We found some abandoned chairs and a platter of desserts.  The goodies disappeared quickly, each of us no longer needing to make weight.

“What if,” I said.  “What if we had pulled just a little harder for one stroke or…” I couldn’t answer that question, and neither could my teammates.  We carried the shells, oars, and rigging back to the truck and I tied the shells to the yellow trailer racks with thick canvas straps to make sure they could not budge.

During the long car-ride home, the depression hit.  I couldn’t stop thinking about the race and just how close we had come.  Those 47 hundredths of a second haunted me.  That night, and for the next week, I continued to reflect on the five feet that had kept me from going to nationals.  At home, after school I would stare at the photo finish online.  The time-lapse film bent oars into c-shapes, shrunk rowers’ heads and elongated our bow-deck.  But there were still 47 hundredths and 5 feet separating us from bronze and a flight to Cincinnati.

My season was over, but for our lightweight four, which did qualify for nationals, practice continued.  Coach asked a few of us if we wanted to row in a sparring boat against the four.  I eagerly volunteered.  I went to every extra practice and raced my teammates again and again, perfecting mid-race strategies that might turn the tide for them in a close race.  All the extra work we put in paid off.  Berkeley High captured the national championship in the lightweight-four event.

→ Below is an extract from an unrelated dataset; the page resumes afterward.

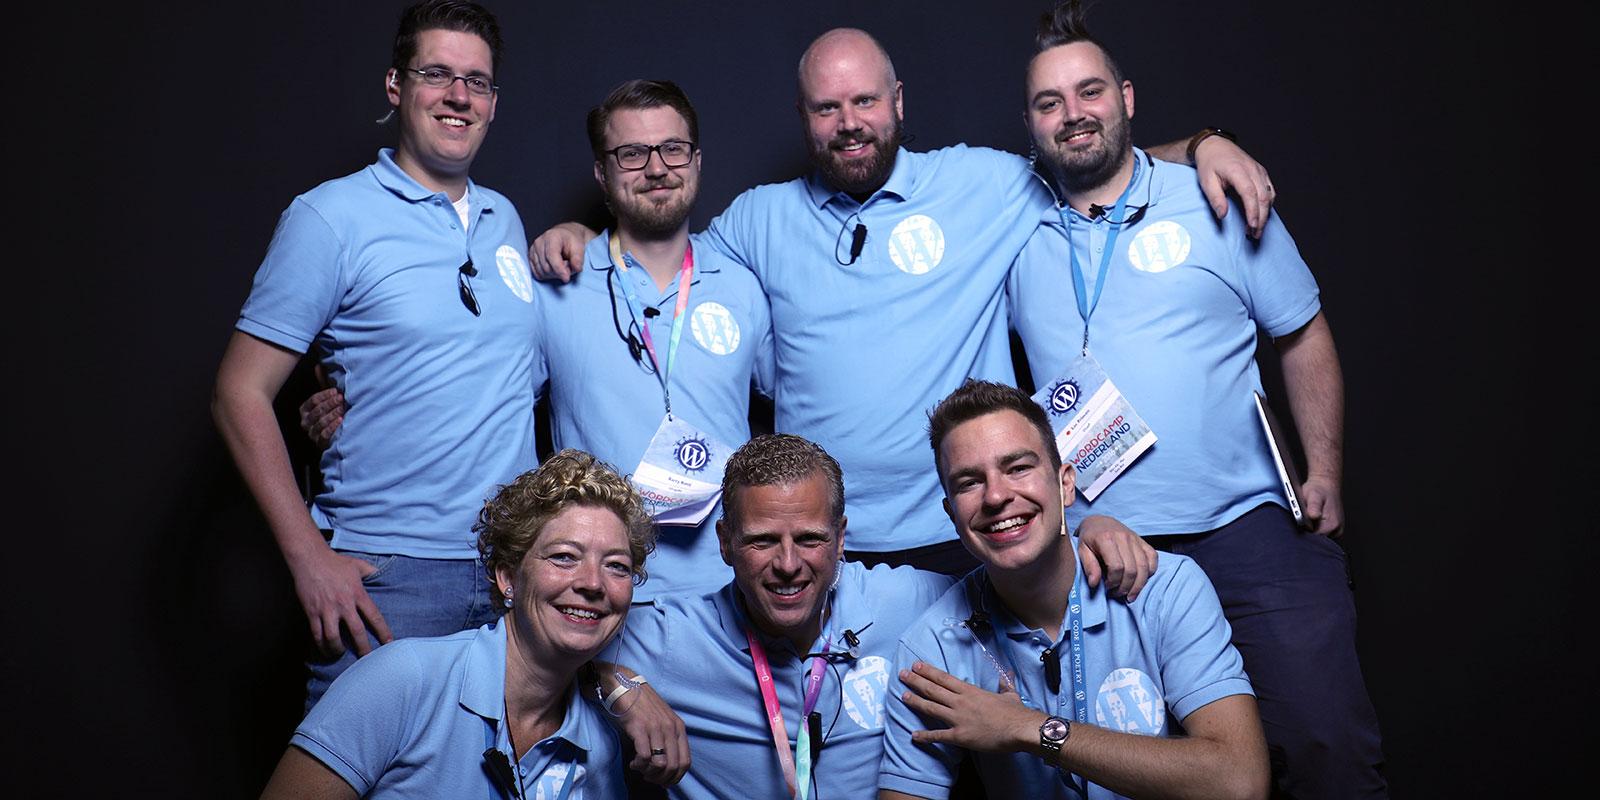 Organisatie WordCamp Nederland 2016. V.l.n.r. Taco, Wendy, Barry, Marcel, Remkus, Bas en Luc. Foto door Henk-Jan Winkeldermaat
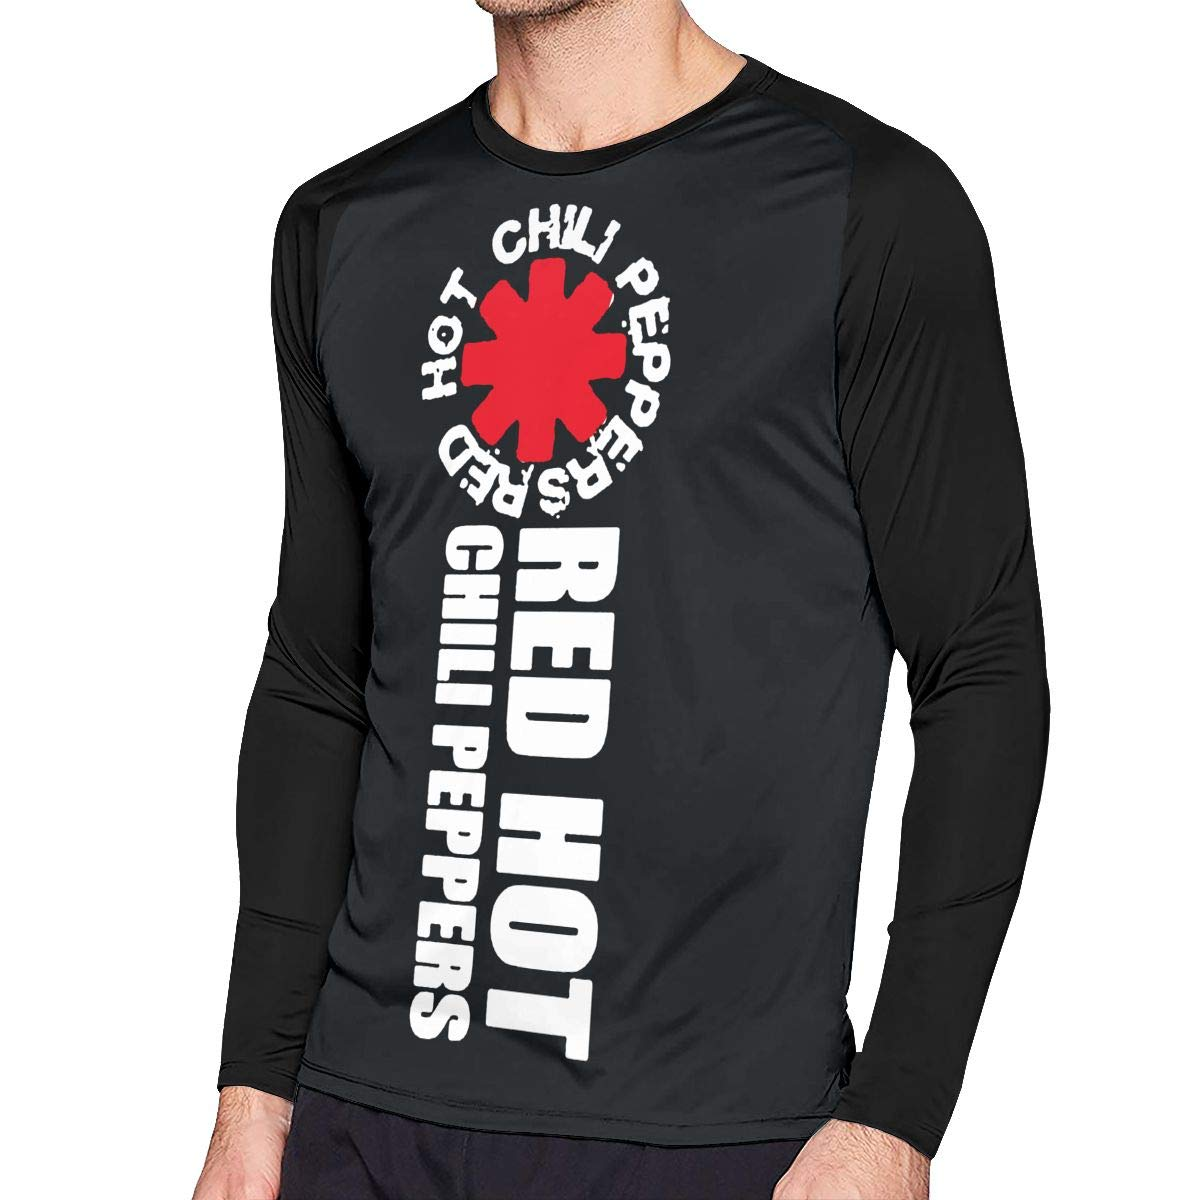 95ac0fd8b6d5 Kooiico Mens Fashion Red Hot Chili Peppers Rock Band Logo Long Sleeve Raglan  Baseball Tshirts Black

When I saw my teammates’ medals, the despair I had felt left me.  I had helped them prepare for victory, and finally I was ready to move on.  I remembered the lesson my chess teacher had instilled in me:  You have to put pieces on the board, make your moves, and take risks in order to have a shot at winning.  Making mistakes is part of the game he told me, and you learn more from a defeat than from a victory.

“How does one become a chess master?” he would say.  “He has to win a thousand games.  But first, he must lose a thousand games.”